Spring Garden Walk and Memories


The weather was pleasant with sunshine and the temperature was perfect so I decided a walk around the gardens was in order. I started by checking on the trillium. It achieved its personal best for number of blooms this year at six. The trilliums grow in our pine grove, enjoying the shade of the  tall trees.


Then it was on to check out the hemlock nearby. It is doing great. We purchased it when it was no more than a small twig from the County Extension Office, and have enjoyed watching it grow from a small Charlie Brown type Christmas tree to its current self.


The ground cover throughout the pine grove is covered with Vinca vine also known as myrtle. It has these pretty bluish purple little blossoms at this time of year.
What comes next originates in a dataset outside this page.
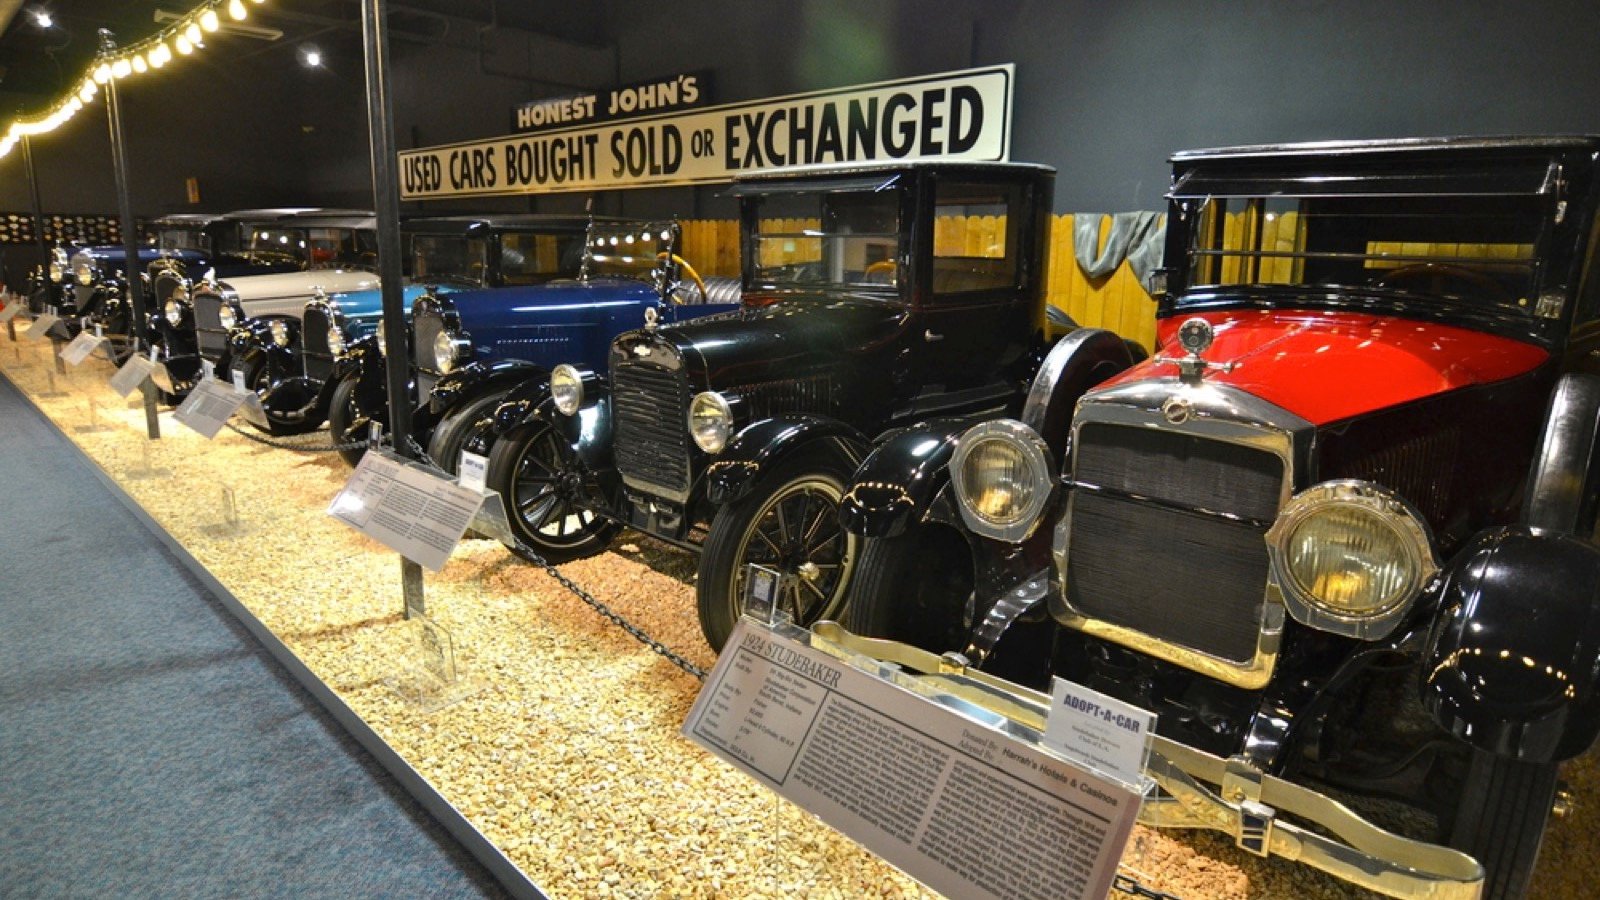 <p>The National Automobile Museum in Reno is a car lovers paradise. You and your family will have a blast checking out over 200 rare and one-of-a-kind automobiles from the past century. There is even a kid’s interactive area with life-sized Lightning McQueen and Tow Mater from the Walt Disney and Pixar Studios movie Cars.</p>

Growing near the house we have a viburnum. The bush doesn’t look like much, although it does have these cute little flowers, but ohhh the smell. Heavenly! You can smell its glorious perfume from the door of the house. I wish there was a way to record smell so that I could share it with you. Maybe that will be the next wave of the future.


Also near the house we have the woodland bleeding heart. Named for its heart shaped little flowers.
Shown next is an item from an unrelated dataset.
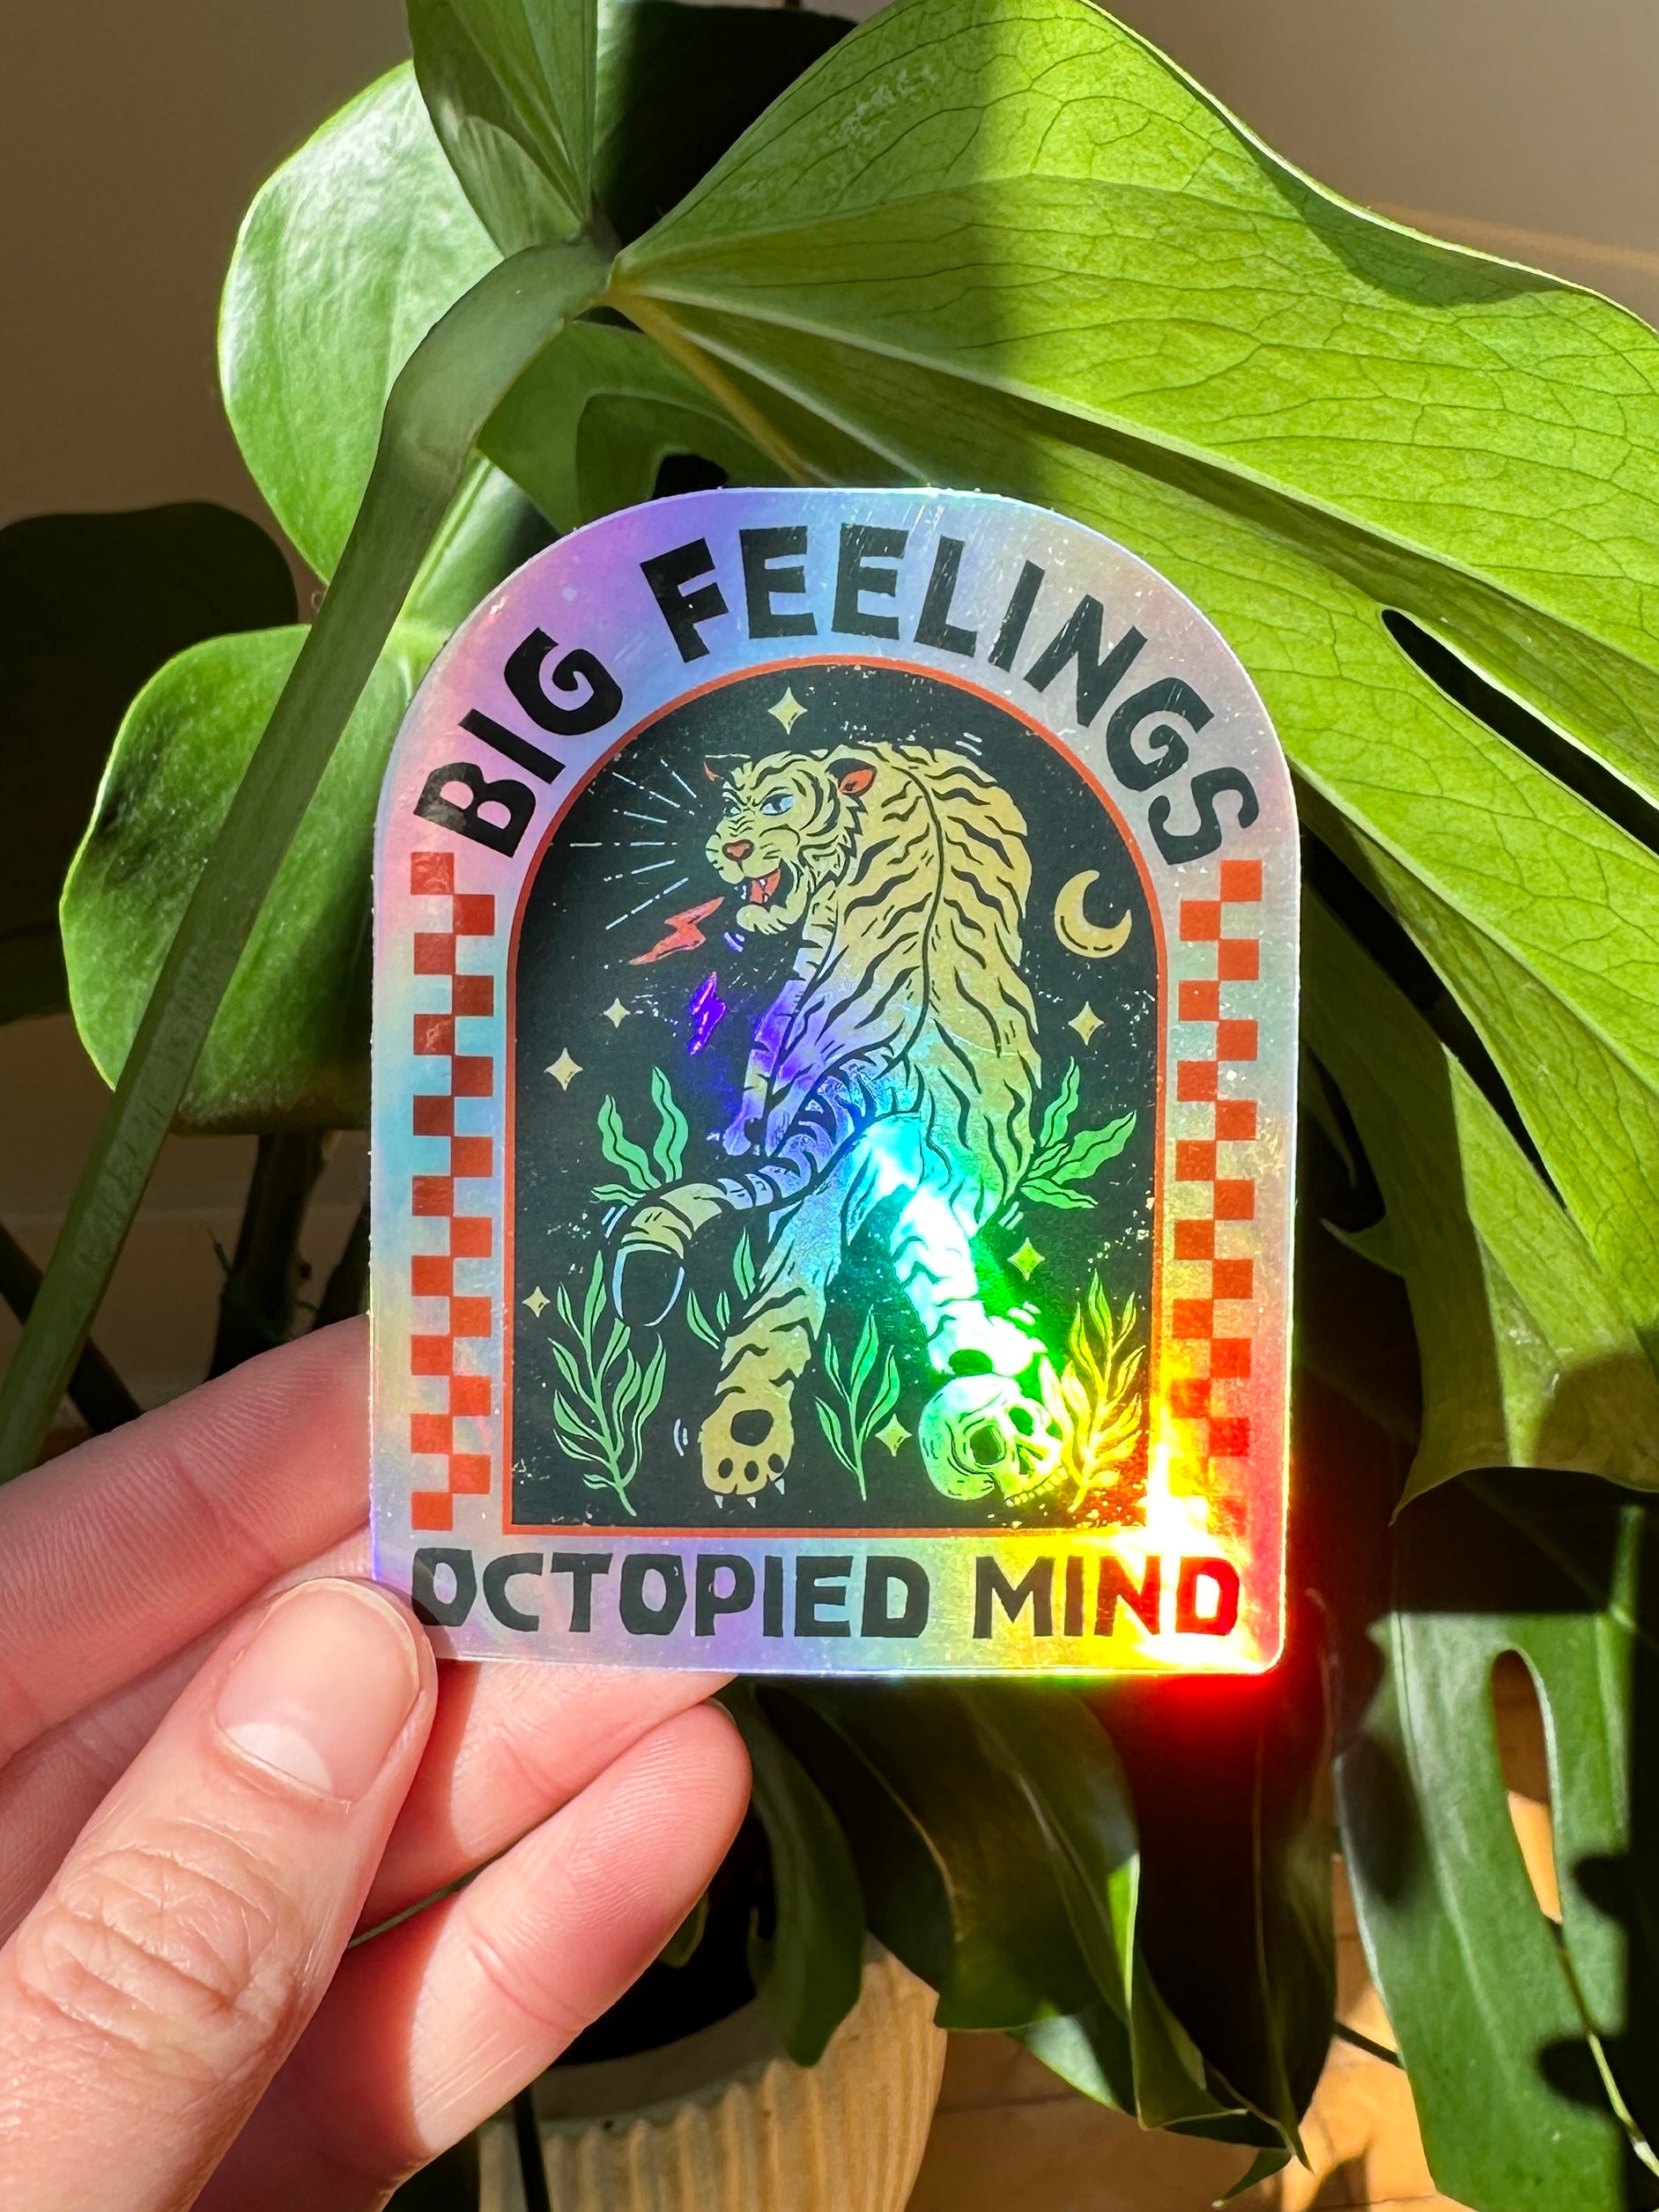 Big Feelings Holographic Sticker - Octopied Mind

And of course the requisite spring tulips.


And continuing on the walk we see these the tiny, white violets nearly everywhere. They grow up in the lawn and so fall prey to the mower, but still they always seem to be there.


The flowering almond is resplendent with many blooms right now. This little tree always makes me think of my beloved sheltie Duncan. Every evening, during his last days, we would take a walk to enjoy our time together and I have pictures of him in front of this tree. The tree is beautiful by its own merits but the memory of Duncan makes it even sweeter. He grew from being my greatest challenge to my greatest gift.

Duncan Almond

And so I will leave you with the memory of Duncan who has been gone from me two years next week. You can see his therapy dog tag in the photo. He was the light of my life but he also brought joy wherever he went and made the world a better place. Rest well my sweet boy.

Pack Walk


The day was so beautiful yesterday that we had to go for a walk. The temperature was perfect and the sun was shining. We went to a dedicated walking and biking path near our house. Phoebe, Baxter, and Shelby are so good that they get to walk off lead. Unless a bicycle or other people with dogs come along, then we leash them back up, lest the others become afraid. This is Shelby ‘ s first year of being reliable off lead and she is quite proud, as am I.


Nikki does walk on lead. She is so skittish that she needs the security of the leash. Even though she is small, she is fast and I wouldn’t want to try to catch her. I  just slip the leash through one of my belt loops and that is enough to keep her with us. Alas, poor Roxanne stays home. She is now only able to walk across the house and that takes a while.


So this was our view as we walked. It’s a spillway and reservoir that was constructed during WW II. Often I think of all the houses that must be under the water. The land was previously farms until the land was used for this purpose. But soon I am back to watching the dogs and appreciating how much fun we all have on the  pack walk.